What is Rock Breaking Principle Of Diamond Drill?

In hard formations, the single-grain diamond puts the rock under a very high stress state (about 4200-5700 MPa, some data believes it can reach 6300 MPa) under the effect of weight-on-bit, which changes the lithology of the rock from brittle to plastic. Single-grain diamonds eat into the formation and cut through the rock under the action of torque. The cutting depth is basically equal to the depth of diamond particles. This process is like "plowing the ground", so it is called the plow cutting action of the diamond drill.

In some brittle rocks (such as sandstone, limestone, etc.), the diamond particles on the drill bit at the same time as the weight-on-bit torque, the volume of the broken rock is much larger than the intake and rotation volume of the diamond particles. When the pressure is not large, small grooves can only be formed along the diamond's movement direction. Increasing the pressure will break the rocks in the deep part and the sides of the small groove, exceeding the cross-sectional size of the diamond particles.

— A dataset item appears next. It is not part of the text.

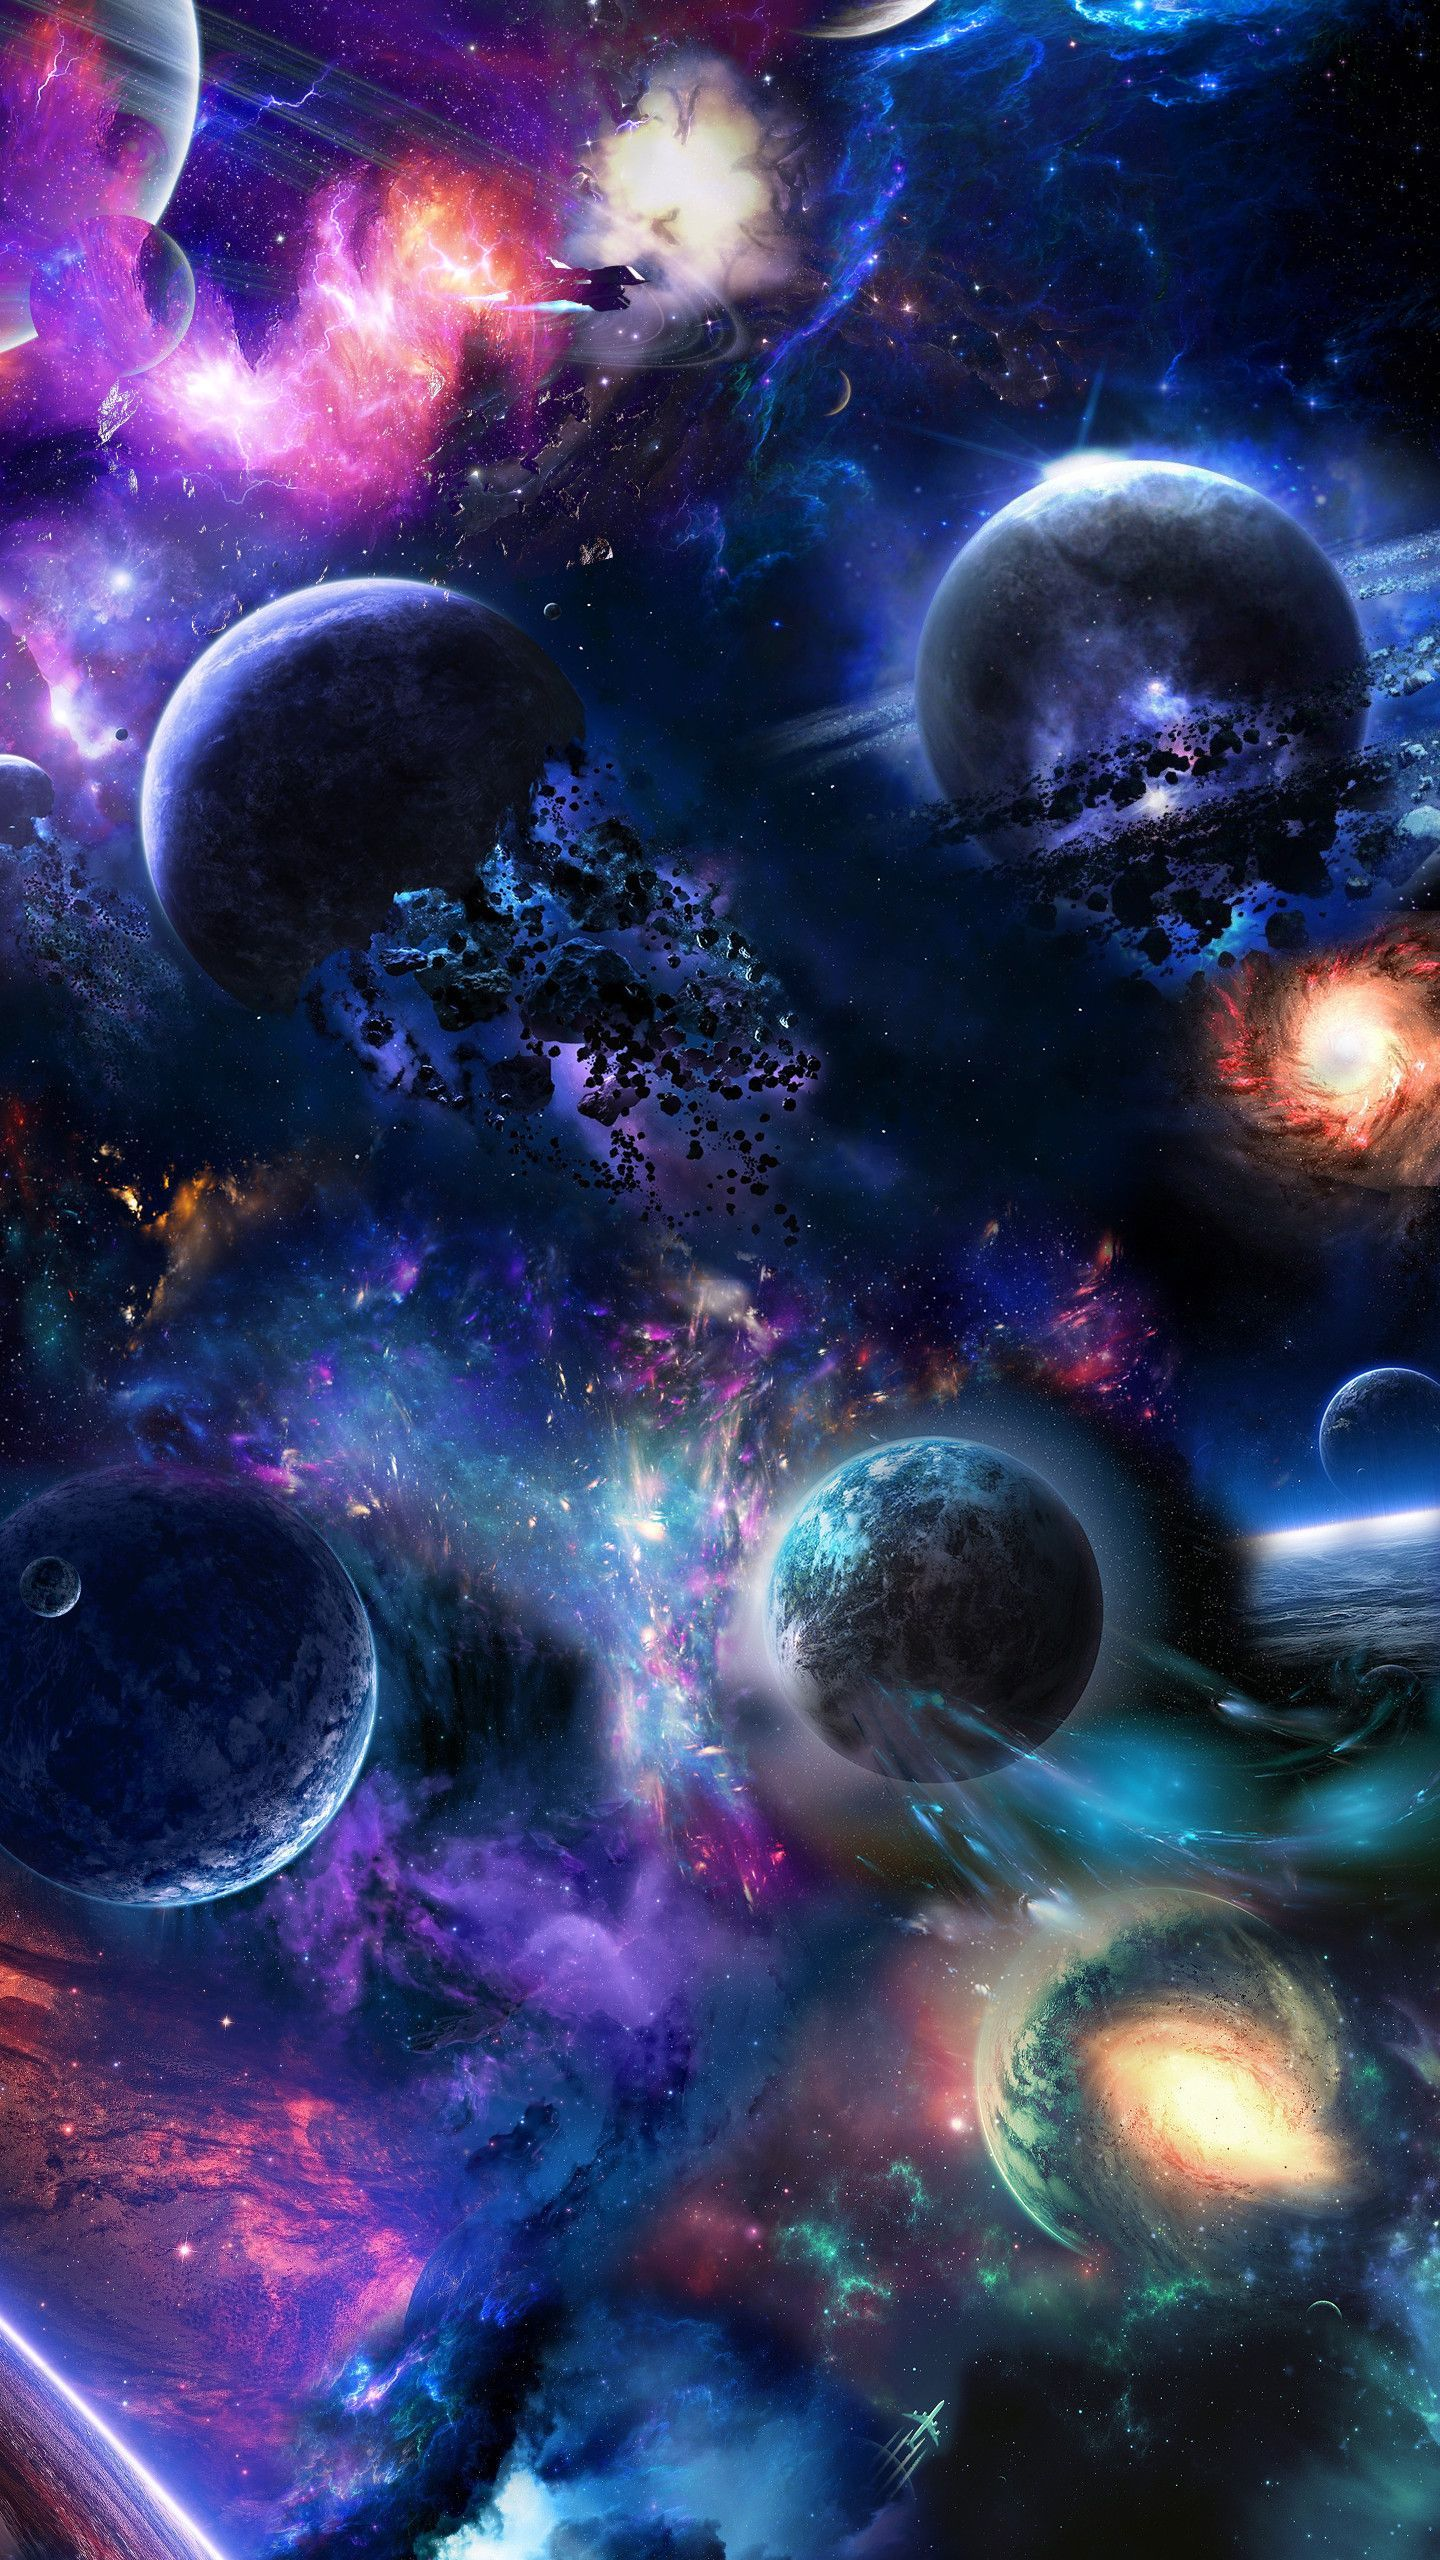 Space 4k Phone Wallpapers Top Free Space 4k Phone Backgrounds Wallpaperaccess V 2020 G Kartinki Galaktiki Oboi Galaktika Risunki Zhivotnyh
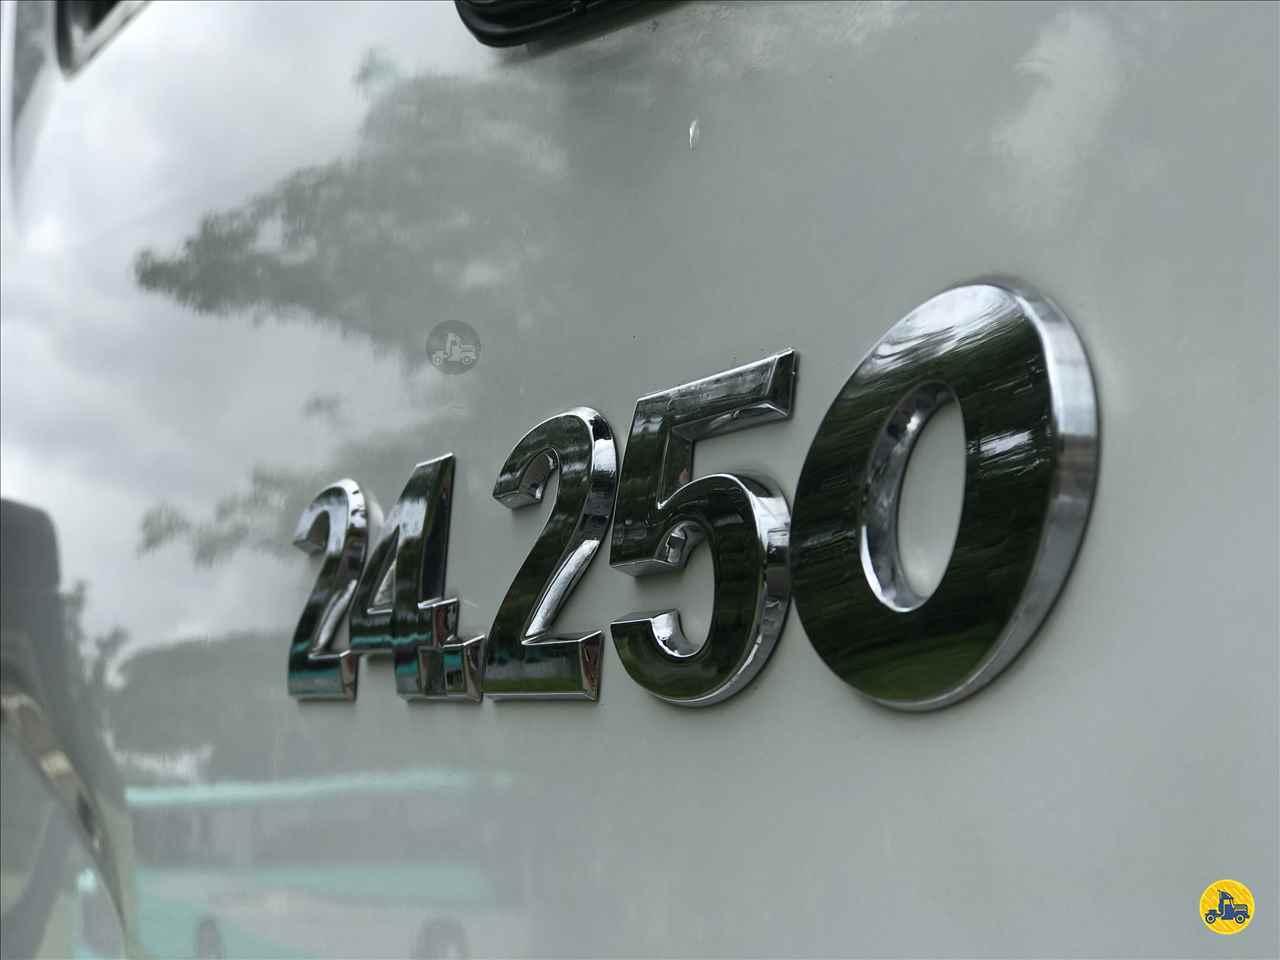 VOLKSWAGEN VW 24250 60000km 199/2010 Borges Caminhões

The rock breaking effect of diamond drill bits is not only related to lithology and external factors that affect lithology (such as pressure, temperature, formation fluid properties, etc.), but the weight-on-bit is an important influencing factor. It is the same as the cone drill. When rock is broken, there are three ways of surface breaking, fatigue breaking and volume breaking. Only when the diamond particles have sufficient specific pressure to intrude into the formation rock and cause the rock to break up in volume, the ideal rock breaking effect can be obtained.